Accuracy with Little Training Data: The selected classifiers should have relatively high accuracy. Particularly, because the purpose of using AL is to reduce required human labeling efforts, we assume that for the training dataset, not so much training data is required to achieve high accuracy, which means that the selected classifiers should still work when only little training data is available. This is the main factor we use to choose classification algorithms.

Efficiency: Efficiency also requires consideration, since a learning-based classification is much more time-consuming than a simple threshold-based classification and such factor can be expected to have a large impact on the performance, as data grows.

Interpretability: Interpretability is also of great importance for choosing the learning algorithms, because we can use machine learning responsibly to ensure that our values are aligned and our knowledge is reflected [8].

We considered the following seven common binary classification algorithms: logistic regression (LR), decision tree (DT), random forest (RF), gradient-boosted tree (GBT), support vector machine (SVM), one-vs-rest logistic regression (OvR) and naive bayes (NB). In order to select classifiers for our committee, we evaluated their F-measures also on the same benchmarking bibliography dataset ACM-DBLP [13] used in Fig. 2 by using different sizes of initial training data. Figure 3 shows the results. SVM, OvR and LR have a satisfactory F-measure value even with only two training data pairs. NB and RF provide still a very low F-measure value even with 40 training data instances. NB classifiers are generative models that need prior probabilities. The probabilities are inaccurate for our case, because our initial training data is chosen by our proposed method in the last section, which normally generates relatively balanced training data. This state of training data does not conform to the test data [21]. Besides, it assumes that all features are independent [23]. However, our features are actually not independent, which may lead to the low F-measure for NB classifiers. The RF classifier cannot perform well, because it trains an ensemble of decision tree classifiers by splitting the training dataset into multiple subsets, then chooses subsets of features for each decision tree classifier [26]. This leads to a low F-measure especially when there is not enough training data. DT overall performs well except for the case with two training data pairs, in which DT classifier is not possible to be trained. GBT is in a similar situation as DT. However, its F-measure values are always lower than DT. We also evaluate the efficiency of all seven classification algorithms. All candidate pairs are divided into roughly two equal groups. Training data is generated by randomly picking four matching and non-matching pairs from the first group and then test data is the other entire group. The results are shown in Fig. 4. As we can see from it, results show that DT, GBT and RF need obviously more time than the other algorithms. NB runs the fastest, OvR, SVM and LR follows. However, all three tree-based classification algorithms DT, RF and GBT are quite slow. By combining the perspectives of interpretability and efficiency with the accuracy result, SVM, OvR, LR, and DT are selected to form our heterogeneous committee.

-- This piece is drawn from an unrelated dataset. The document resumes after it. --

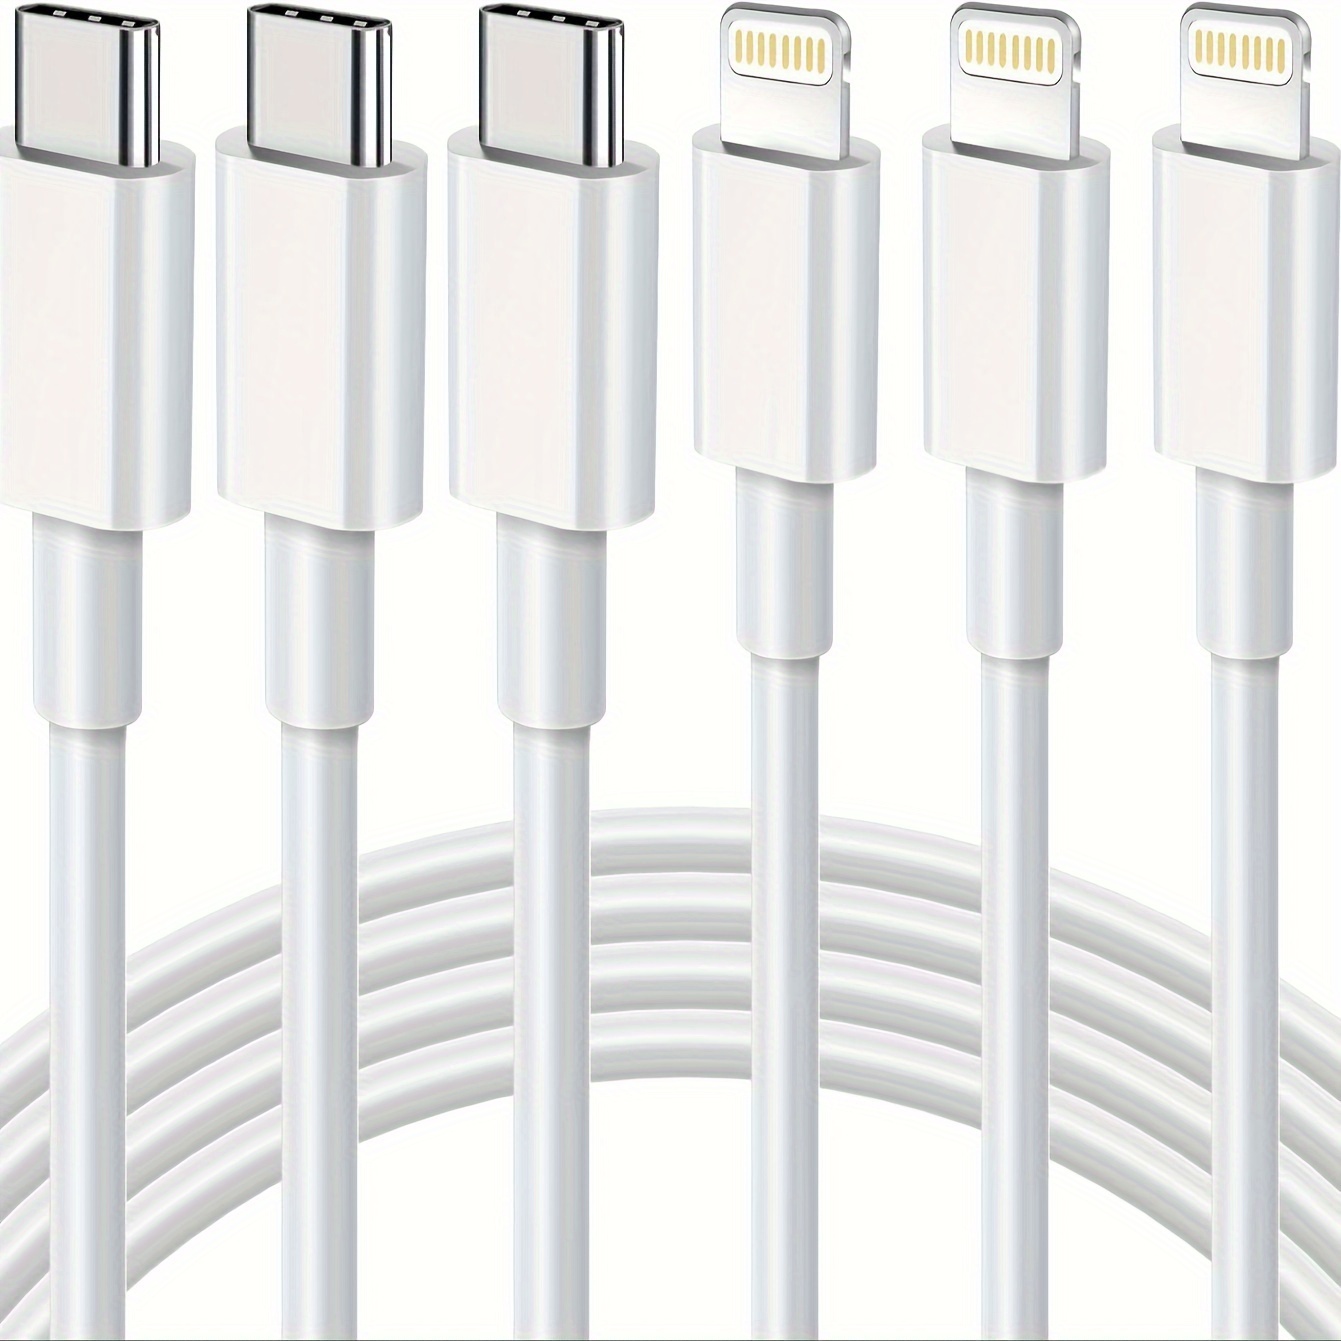  Cargador original de Apple [certificado Apple MFi] Cable  Lightning a USB compatible con iPhone Xs Max/Xr/Xs/X/8/7/6s/6plus/5s, iPad  Pro/Air/Mini, iPod Touch (blanco 1M/3.3 pies) certificado original :  Electrónica

Above we provided guidelines on how to choose classification algorithms to form the heterogeneous committee. Facing different implementations of algorithms with different adopted libraries, the best choices of classification algorithms may change case by case.

2.4 Training Data Candidate Selection

After our heterogeneous committee is formed based on the above introduced approach, it is used to vote unlabeled pairs as matches or non-matches. Then those pairs with the most disagreement are those interesting pairs that we may select to be labeled by domain experts and added to the training dataset. The disagreement value of the voting results for pairs is calculated with the following equation:

$$\begin{aligned} \begin{aligned} Disagreement(pair) = \sum _{(a_{m},a_{n})\in committee)} Difference(result(a_{m}),result(a_{n})) \end{aligned} \end{aligned}$$
(1)

where \((a_{m},a_{n})\) are the combinations of results from any two classification algorithms from the committee and the Difference(x, y) function returns zero or one, depending on whether x equals to y or not. With this equation, we sum up all the differences between any two combination of classification algorithms as the final disagreement value of the votes. However, the pair with a high disagreement value has also a high possibility that it is an outlier. If an outlier is selected and added to the training dataset, it will negatively impact the performance of classifiers. In order to reduce the possibility that outliers are selected, the random sampling proposed in [24] randomly picks the pair from the top-n pairs to alleviate the probability that an outlier is selected to be labeled, n can be set manually, such as 10, 20, 30.

Then the training data is updated in the above-introduced way iteratively and after the iteration process is completed according to preset termination conditions, the committee or a specific classifier can be used to identify duplicates for any unlabeled data.

3 Evaluation

In this section, we evaluate HeALER from three aspects: first, we solely conducted experiments to evaluate the balance and accuracy of our initial training data selection method (Sect. 3.2). Second, we evaluate our heterogeneous committee and compare it to the passive learning, committees formed by ALIAS and ATLAS (Sect. 3.3). Last, we evaluate our entire HeALER approach against a ML process and two state-of-the-art QBC-AL approaches: ALIAS and ATLAS (Sect. 3.4). For all results, the accuracy is measured using F-measure.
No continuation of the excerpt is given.